Fundraising for The Brain Tumour Charity
£5,366
raised of £6,000 target
by 108 supporters
Donations cannot currently be made to this page
Event: London Marathon 2021, on 3 October 2021
Participants: Mrs Sehrish Ahmed
We are moving further, faster to help everyone affected by a brain tumour

Story

My dear family and friends, Assalam O Alaikum and Hello.

I have a brain tumour.

Many of you know this already, but this may be new information for
others.

I am running the Virgin London Marathon on 26 April 2020, and my
beautiful wife, Sehrish, and I are both request kind donations for The Brain Tumour Charity no. 1150054.

During late 2014, I thought it was anxiety/panic attacks. A MRI scan showed a large brain tumour (perhaps the size of a lemon). It caused epilepsy, and they were focal (aka partial) ‘aware’ seizures. I can sense them coming, sometimes hours before.

That said, I love epilepsy. It gave me an early diagnosis. My tumour can
never be fully removed as it is in a functional part of my brain (my speech centre).

 I initially very much hated talking about it and mostly kept it to myself, and forced my family to do the same. I went to work the next day.

The next two years after that were beautiful for me (terrible for
everyone around me, I think); but I really learnt what is important in life. Family, prayers, health, friends, fun, humour and real life.

My wonderful son, Idris, was born a year later. A very good diversion for
everyone from a toxic period of stress; especially for my lovely mother, brave father, loyal siblings, strong wife, and my very supportive family. Let’s also not forget the support of Sehrish’s family, and my dear friends Gulfam and Jasdeep who were with me all the way. I had to sell my fancy car because of epilepsy.
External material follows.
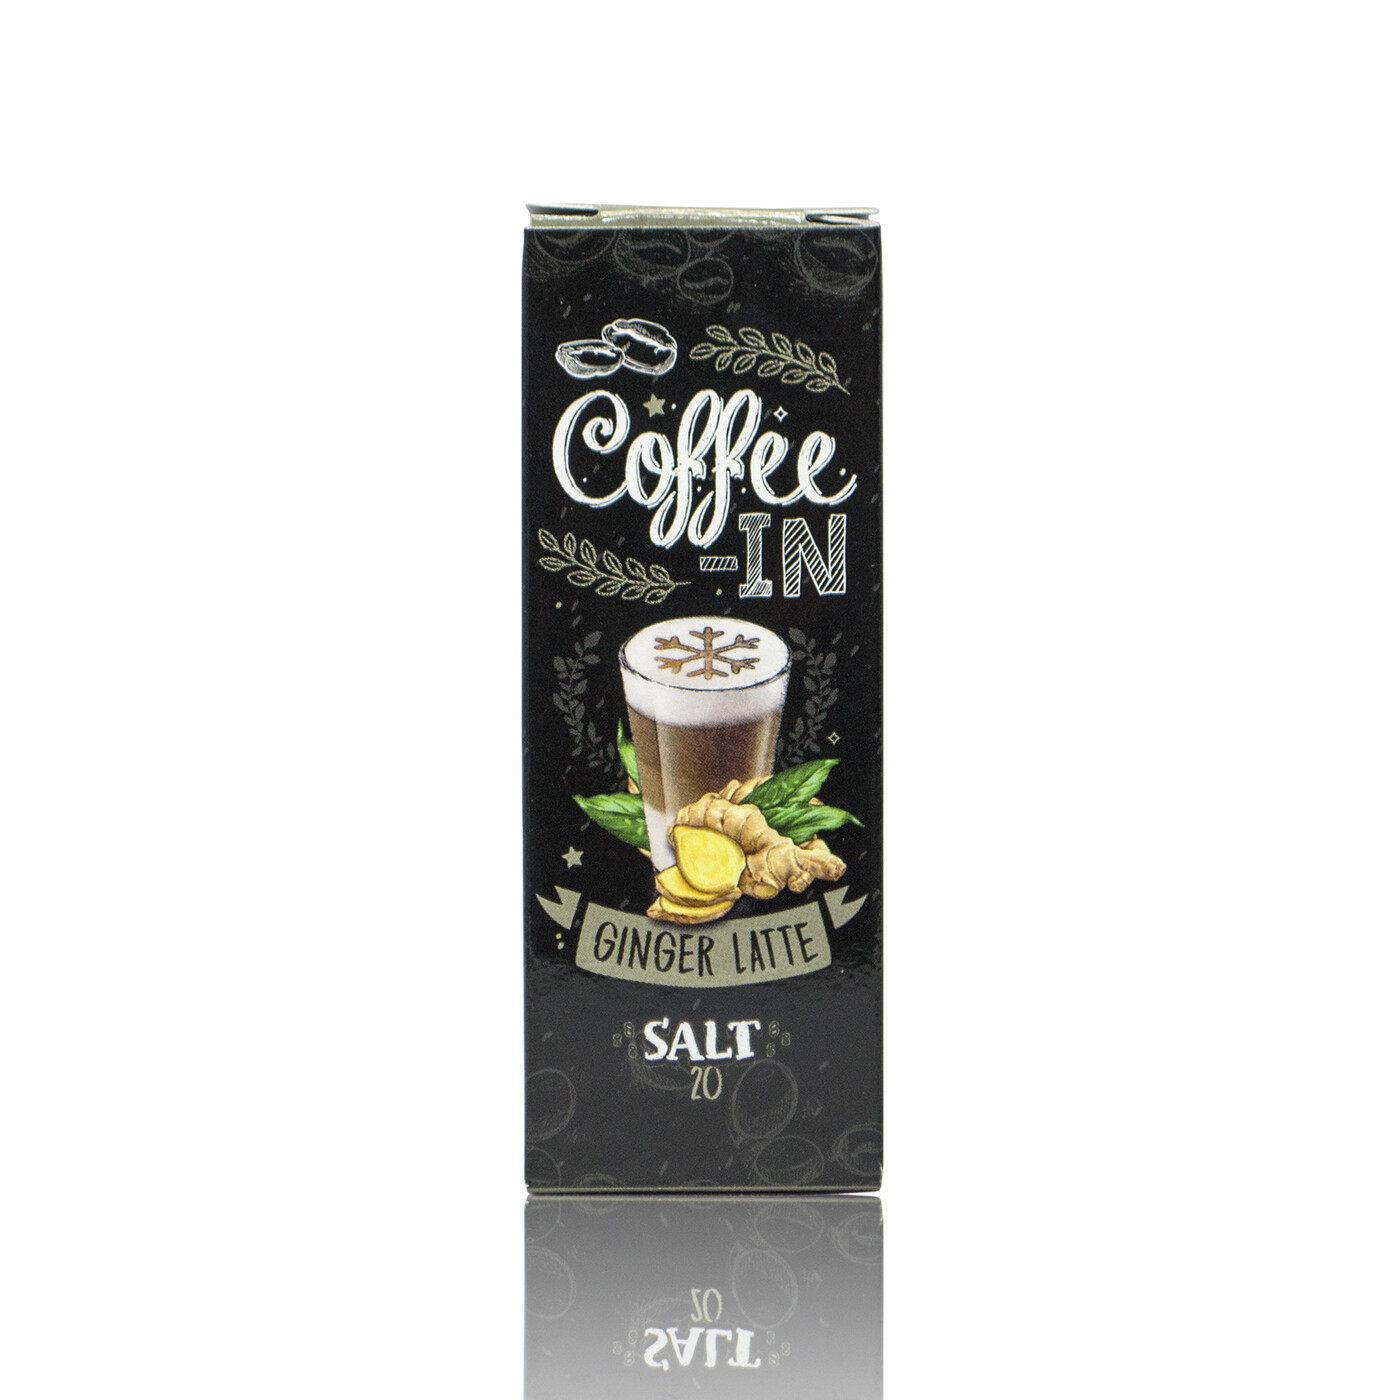 COFFE-IN SALT: GINGER LATTE 20MG STRONG

My wife passed her driving test first time, and we now have a boring estate family car.

Don’t worry……...I am fine. No need for hugs and coffee chats. A lot
has changed since then.

On 27 October 2017, I had a 9 hour awake craniotomy (brain surgery) ,
talking to 2 x speech therapists for 2 x fluent languages, to reduce as much of the tumour as possible. The outcome was as best as possible - estimated 70-80% removed. My family were more stressed than me. I went home after 5 days with no pain killers whatsoever. A couple months recovery, but no adverse outcome. You can’t even see my scar. I went back to work and I still feel the best I’ve ever felt.

My little brother encouraged me to start running; I lost some weight
and I feel good, happy and confident. Nowadays I have strong medicine for my epilepsy, but my seizures are now very rare and very mild. I have regular MRI check-ups. I hate that machine.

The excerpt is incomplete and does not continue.